* Requirement *
Find the line below with "US, France to" and the line with "R075279 Montacute House". Output exactly those lines and everything between them, leaving out the pictures.

* Source material *
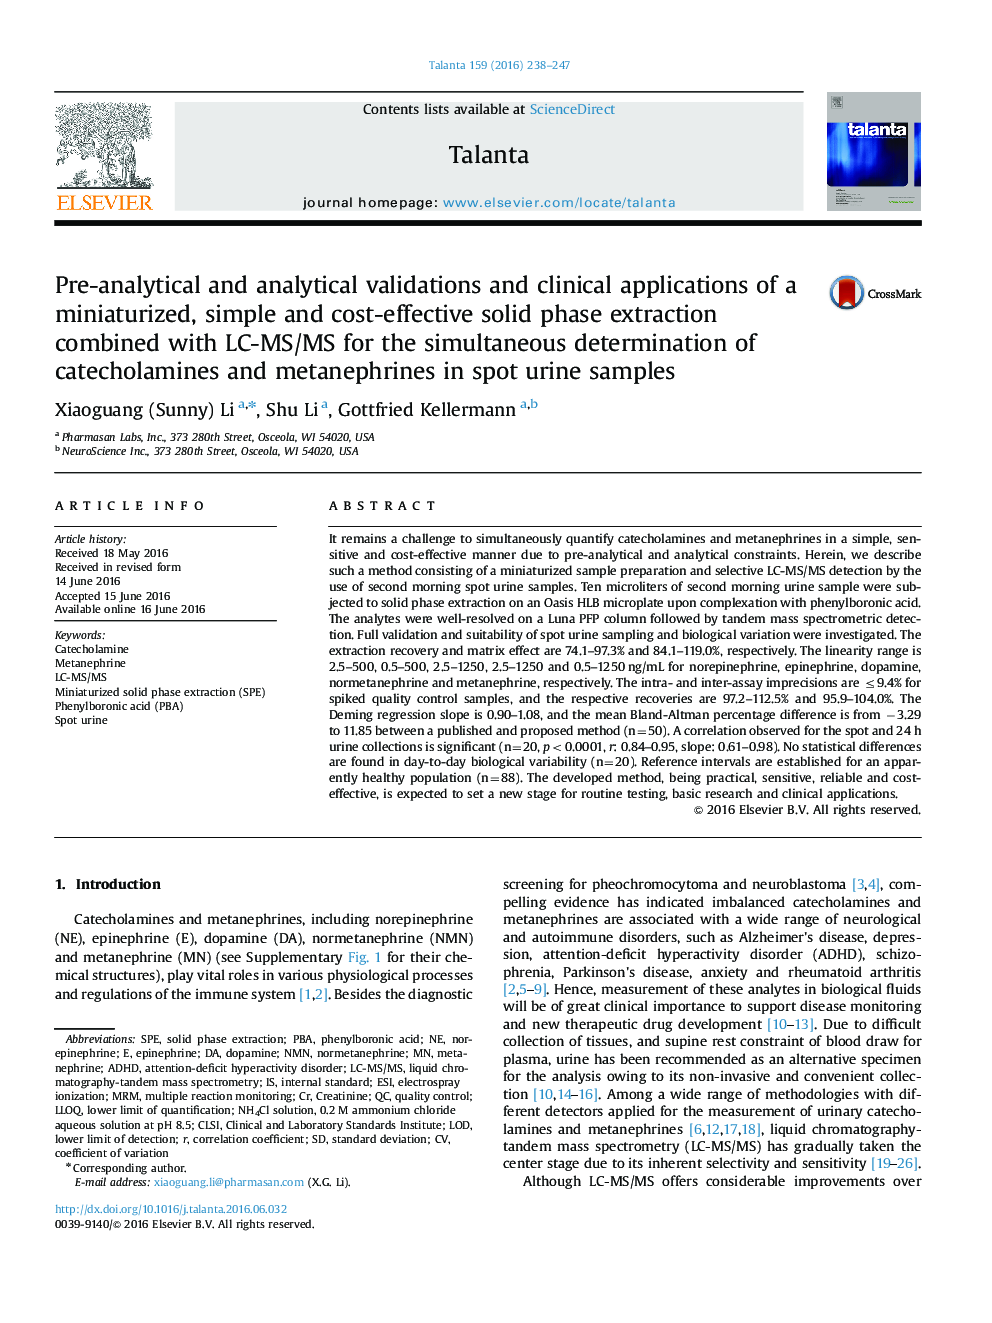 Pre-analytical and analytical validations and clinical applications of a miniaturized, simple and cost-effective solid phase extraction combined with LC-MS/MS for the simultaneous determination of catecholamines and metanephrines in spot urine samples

...

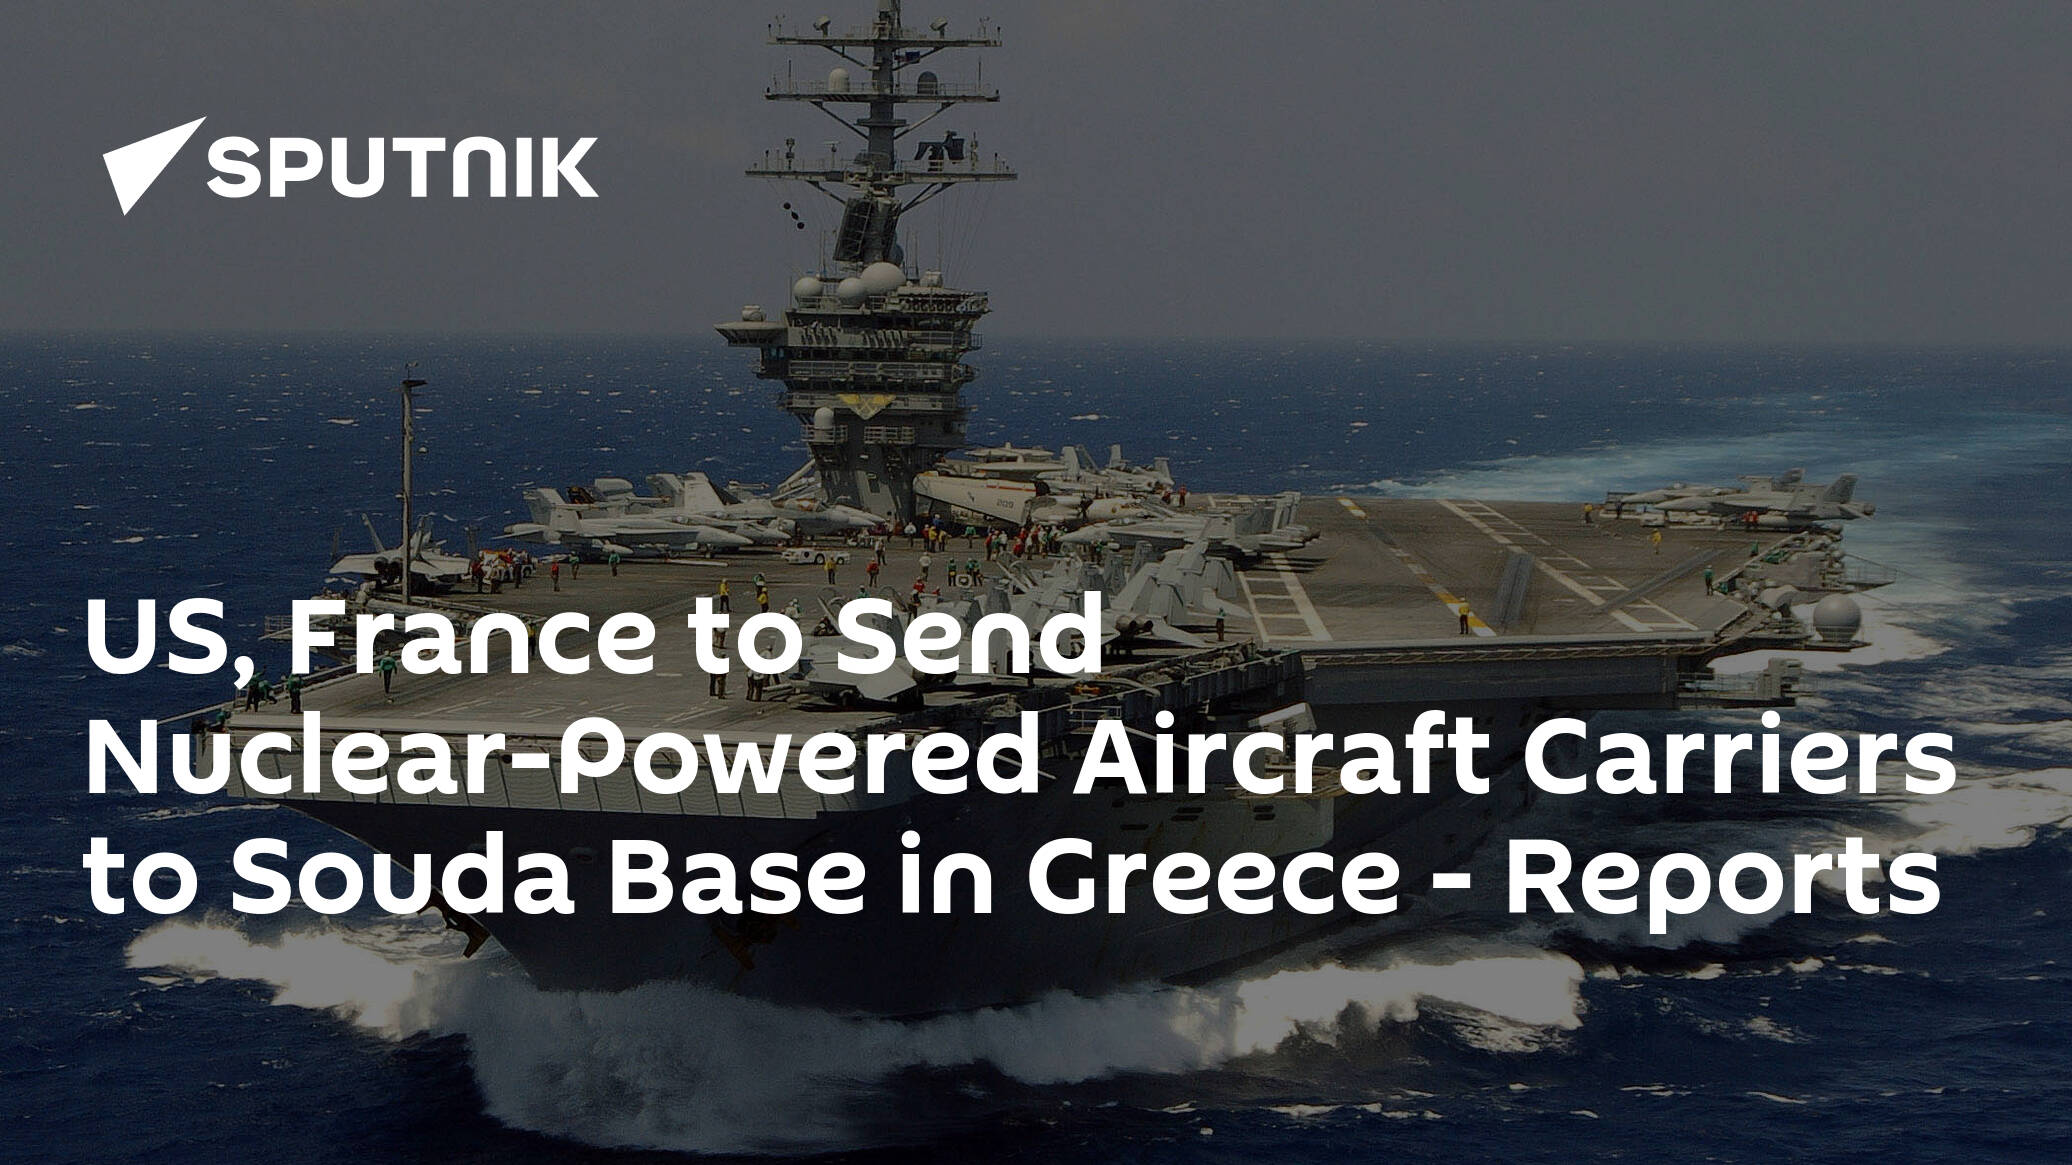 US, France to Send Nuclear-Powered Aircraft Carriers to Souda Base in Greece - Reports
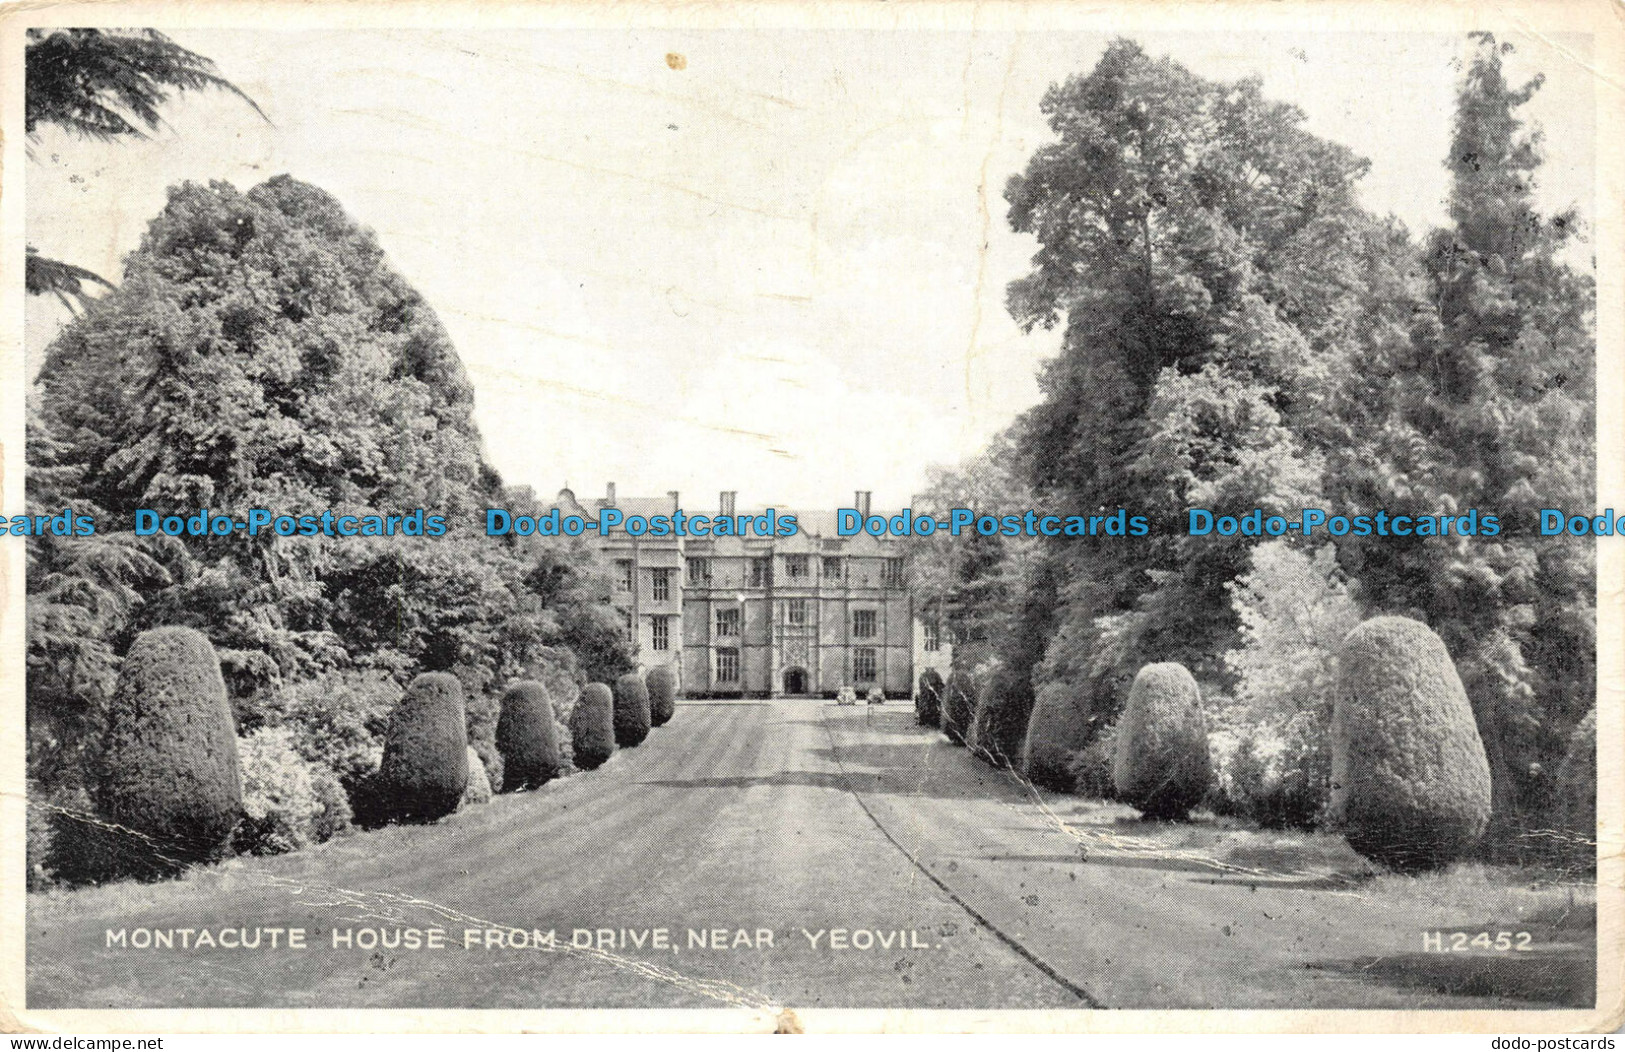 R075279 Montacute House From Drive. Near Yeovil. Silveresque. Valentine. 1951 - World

* Completed task *
 US, France to Send Nuclear-Powered Aircraft Carriers to Souda Base in Greece - Reports
 R075279 Montacute House From Drive. Near Yeovil. Silveresque. Valentine. 1951 - World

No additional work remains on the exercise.